One of the solutions to reduce cancer burden is an early detection of an abnormal behavior in the human body or an efficient interpretation of a preventive screening.
Datasets
For this problem, we can consider two types of datasets. On the first hand, we can predict the development of cancer through blood tests results coupled with other data information (family history, age, gender, etc.). In particular, scientists look for an abnormal level of specific genetic biomarkers within the human body. In fact, biologists have proven that a change in the genetic expression of some cells can cause cancer. The dataset we obtain from the blood test and the other measurements is a matrix consisting of either real-valued or factor variables.
In the following table, we present some of the risk factors for different types of cancer:
Cancer type | Genetic biomarkers | Other measurements |
Breast cancer | BRCA1, BRCA2 | Family history, Ionizing radiation, Smoking |
Colorectal cancer | FAP, MACC1 | Age, Obesity, Inflammatory bowel disease |
Lung cancer | EGFR, KRAS, ALK | Smoking, Passive smoking, Ionizing radiation |
Prostate cancer | BRCA1, BRCA2 | Infections, STD, Age, Race, Family history |
Leukemia | SPRED1 | Radiation |
As all of these measurements can be obtained in a non-invasive way (e.g. blood tests), doctors can perform them frequently for high-risk individuals.

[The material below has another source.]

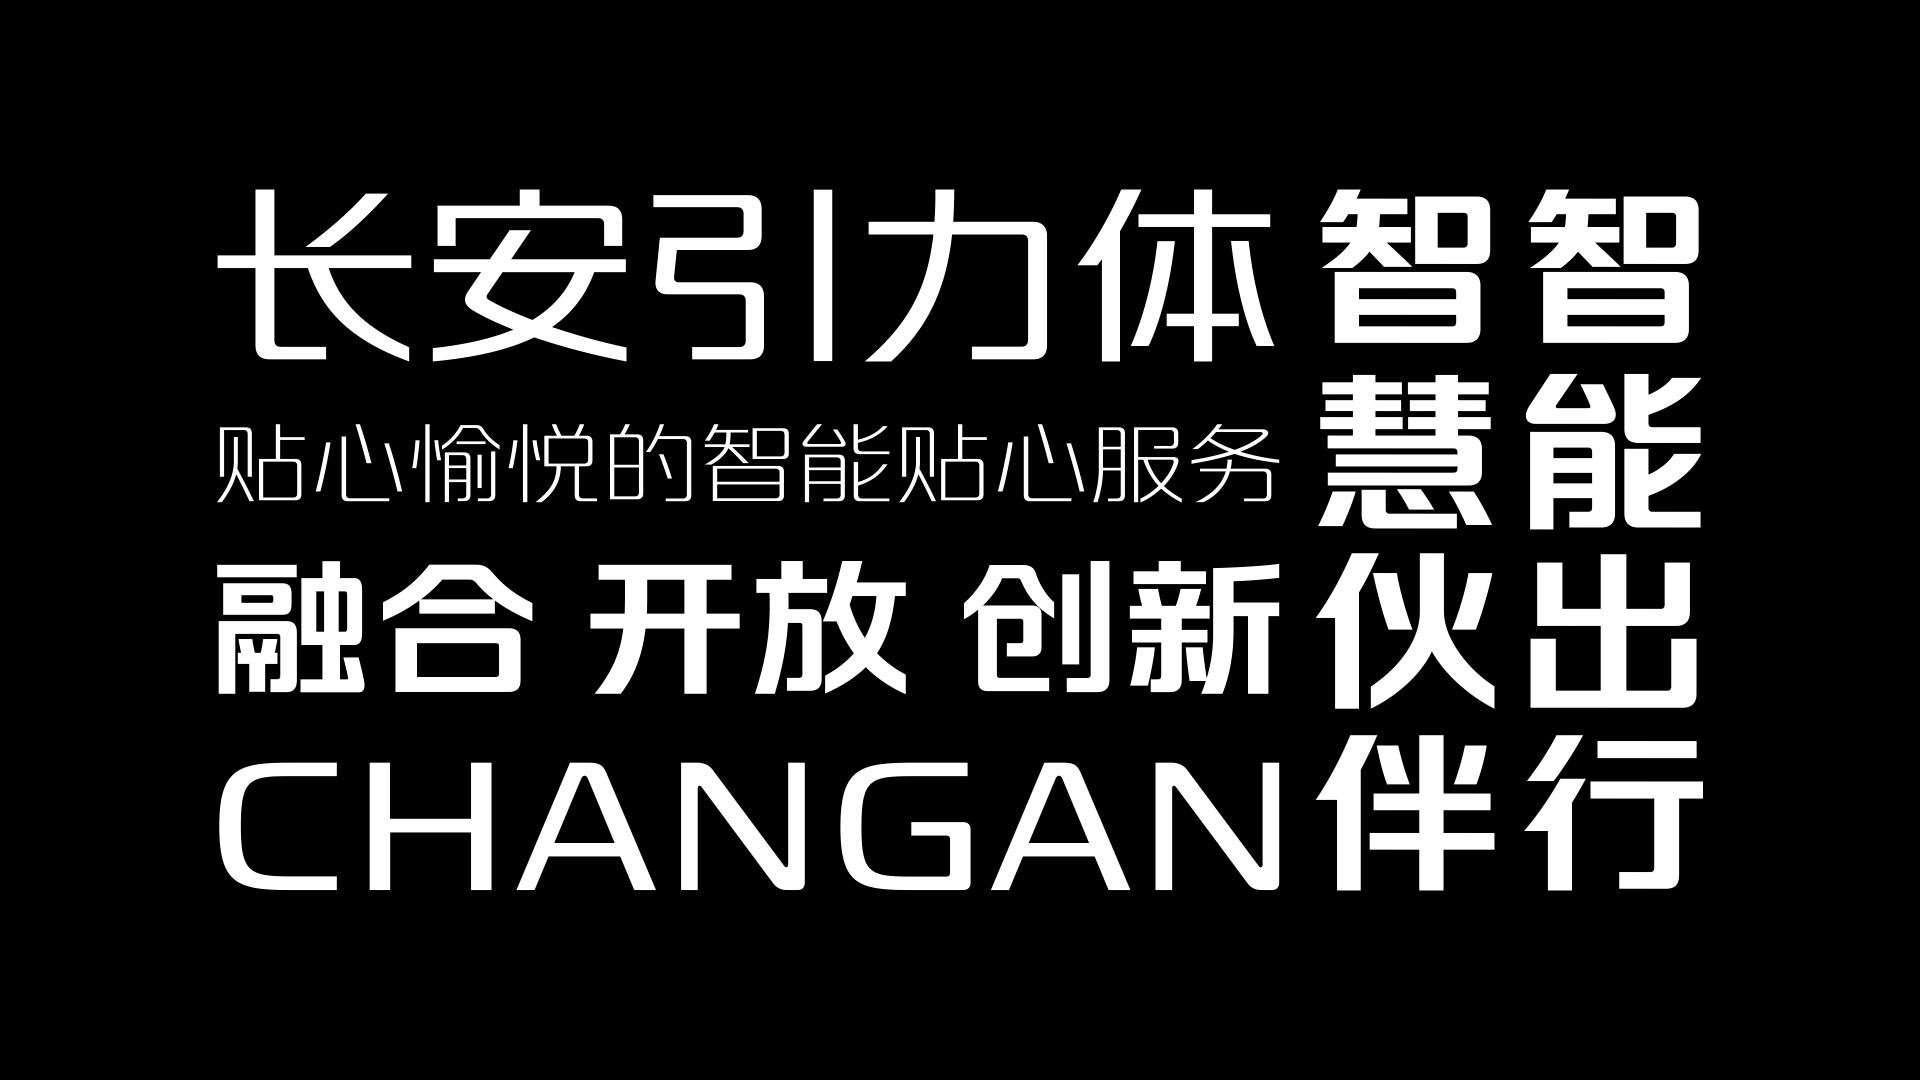 https://ft-bk1.oss-cn-zhangjiakou.aliyuncs.com/Public/Uploads/img/n_content_20201210175545_9026.jpeg
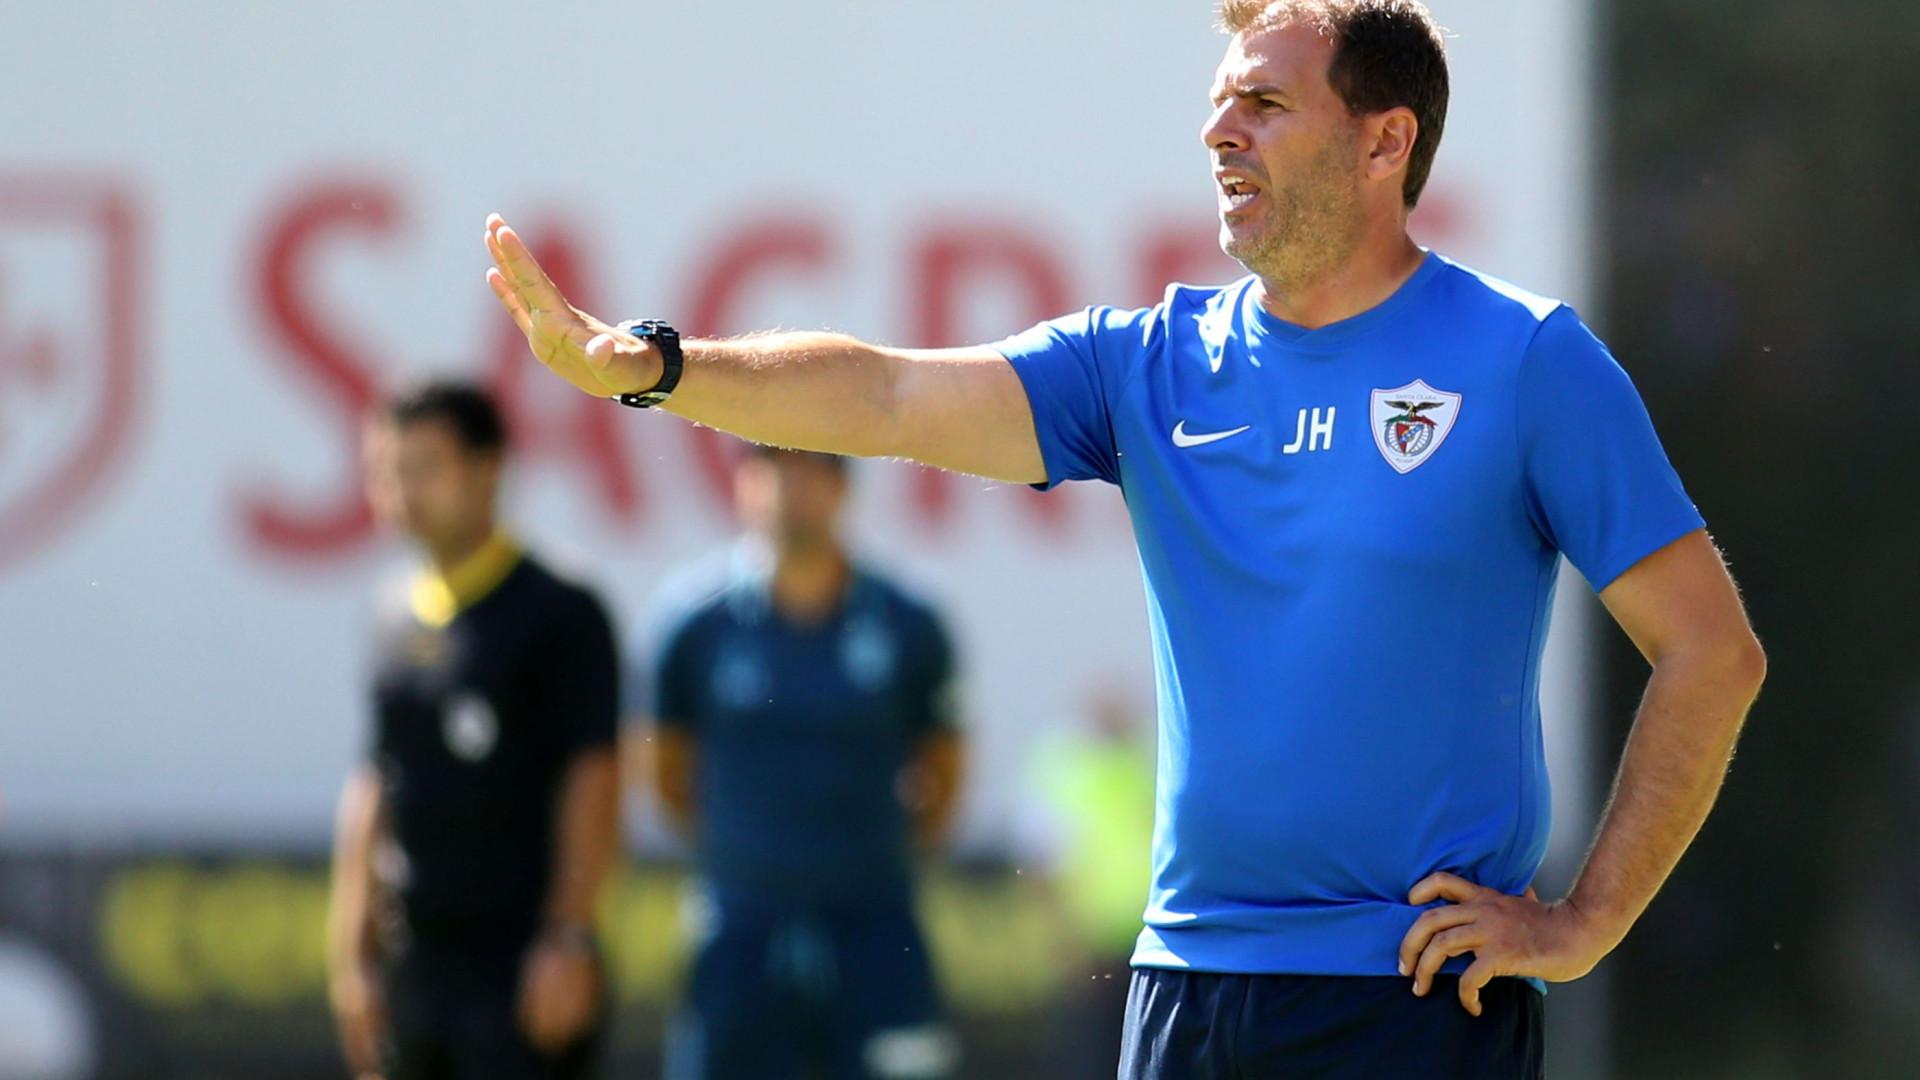 Santa Clara vence Académico de Viseu por 3-1 em jogo de preparação

The Machine Learning algorithms will then determine whether a more thorough check-up is recommended.
On a second hand, doctors can rely on medical imaging for early detection. In fact, in its early stages, a cancer is asymptomatic and it can grow silently to a more advanced tumor. Thus, medical imaging examination is beneficial. For instance, women must undergo regular mammograms to screen breast cancer risks after a certain age. However, these images are particularly hard and time-consuming to analyze.
Fortunately, Convolutional Neural Networks (CNN), Extreme Learning Machine (ELM) and Support Vector Machine (SVM) have proven to be very effective at detecting tumors with medical imaging images and cancer-type-specific attribute.
Methods
We train Artificial Neural Networks (ANN) based on the expression of the genetic biomarkers and the patient’s measurements. Thus, we determine whether a cell has become cancerous. We also rely on Extreme Learning Machine (ELM) which is faster and slightly more efficient.

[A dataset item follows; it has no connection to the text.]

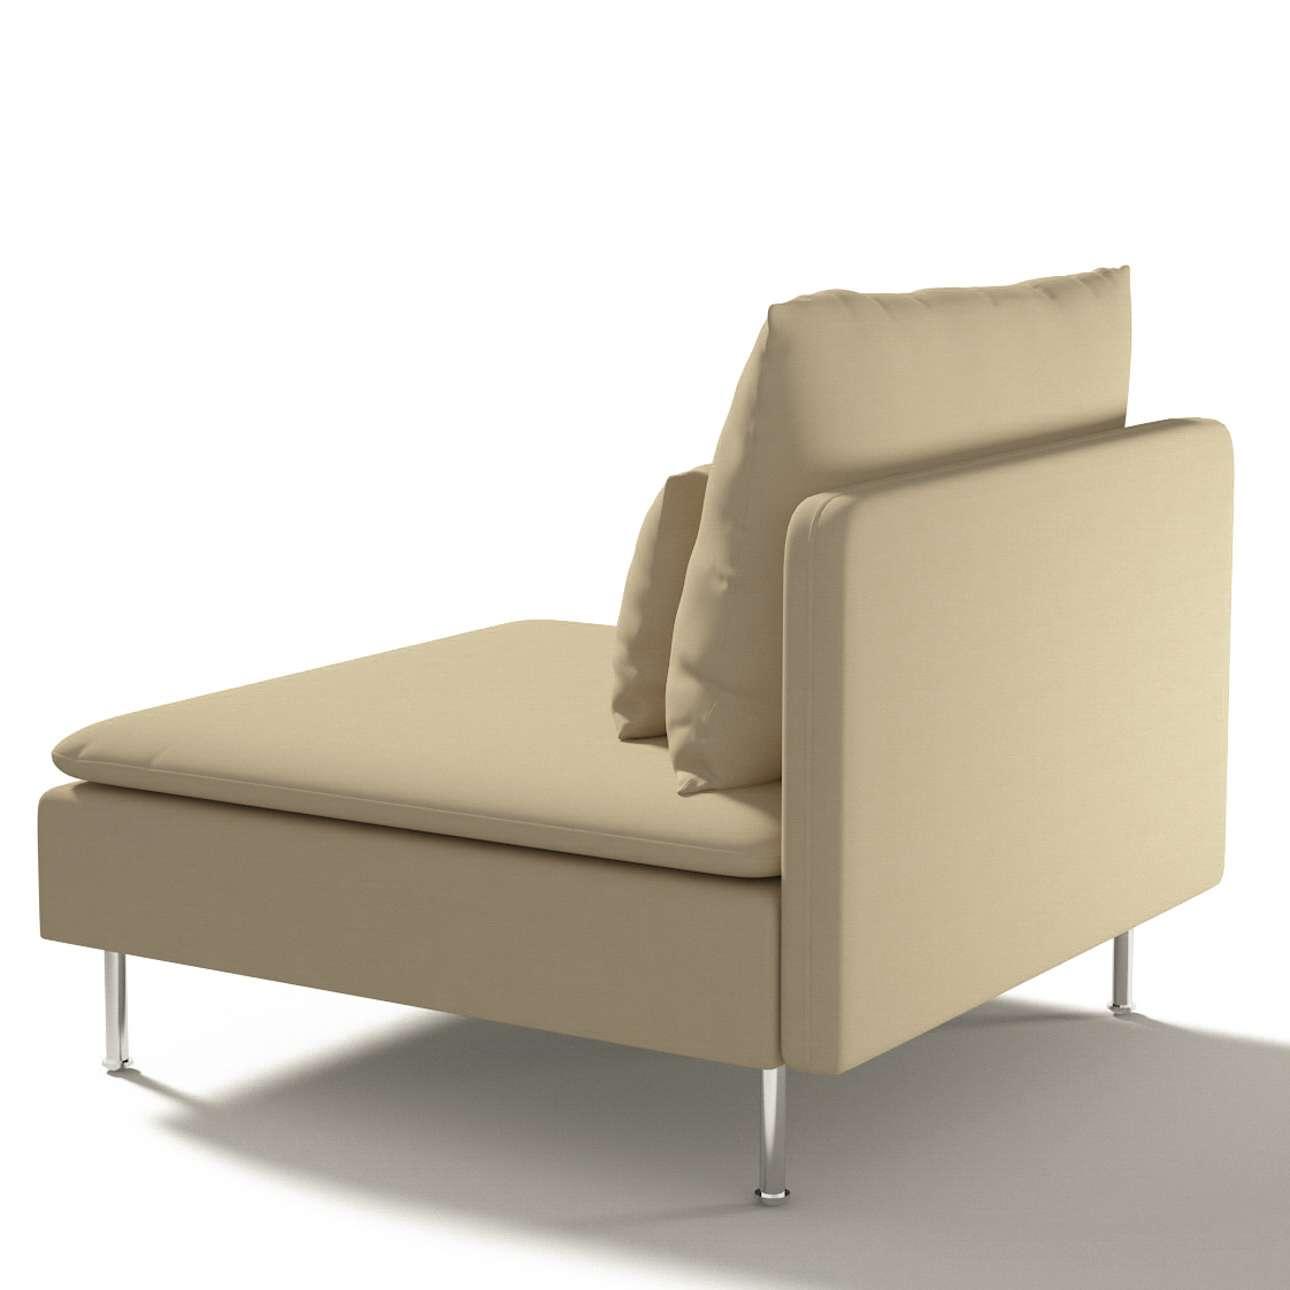 Söderhamn Bezug für Sitzelement 1 Sitzelement 1 von der Kollektion Cotton Panama, Stoff: 702-01

As its name states, an ANN mimics a circuit of neurons. An example is given in the figure. It assigns weights, determined by a back-propagation optimization algorithm, to the input layer of the data. To move from a layer to the next one, the weighted neurons go through an activation function. It is similar to the transmission of neural message through a synapse. The “signal” goes through the process until reaching the output layer where we either get a +1 for the malign tumor or -1 for the benign one (the class id).

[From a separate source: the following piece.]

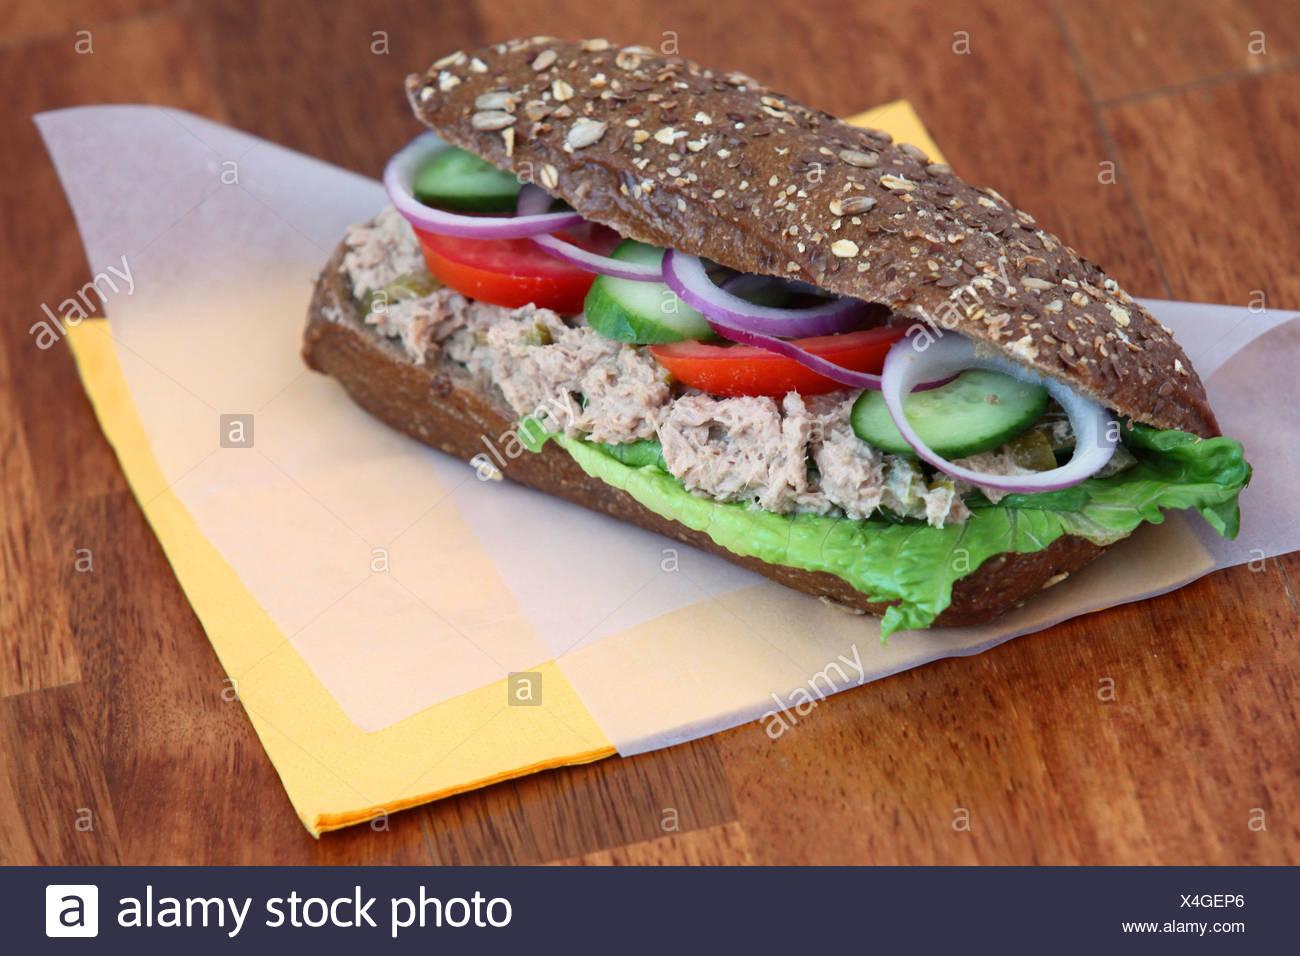 Insalata di tonno sandwich con pomodori e cetrioli Immagini Stock

This scheme models the complex structure of the task at hand and predicts efficiently. An ELM is a single-layer feedforward neural network characterized by its fast training phase and its easy generalization property. Unlike the ANN’s case, the weights are set randomly among the neurons leading to a faster algorithm that is not as rigid as ANN.
As for the medical imaging datasets, we train Convolutional Neural Networks (CNN). They consist of an input and output layer as well as multiple convolutional and pooling layers.
During a convolution step, we consider a weight matrix of a smaller size, obtained through a learning phase. This filter matrix goes across the image such that each entry (i.e. pixel) is covered at least once. As for the pooling step, we aim at reducing the size of the image. We divide the convoluted output into blocks and we take the maximum of each block as entry for the pooled matrix. ELM has also proven to be quite effective in predicting the type of tumor with the huge advantage of a much faster training phase.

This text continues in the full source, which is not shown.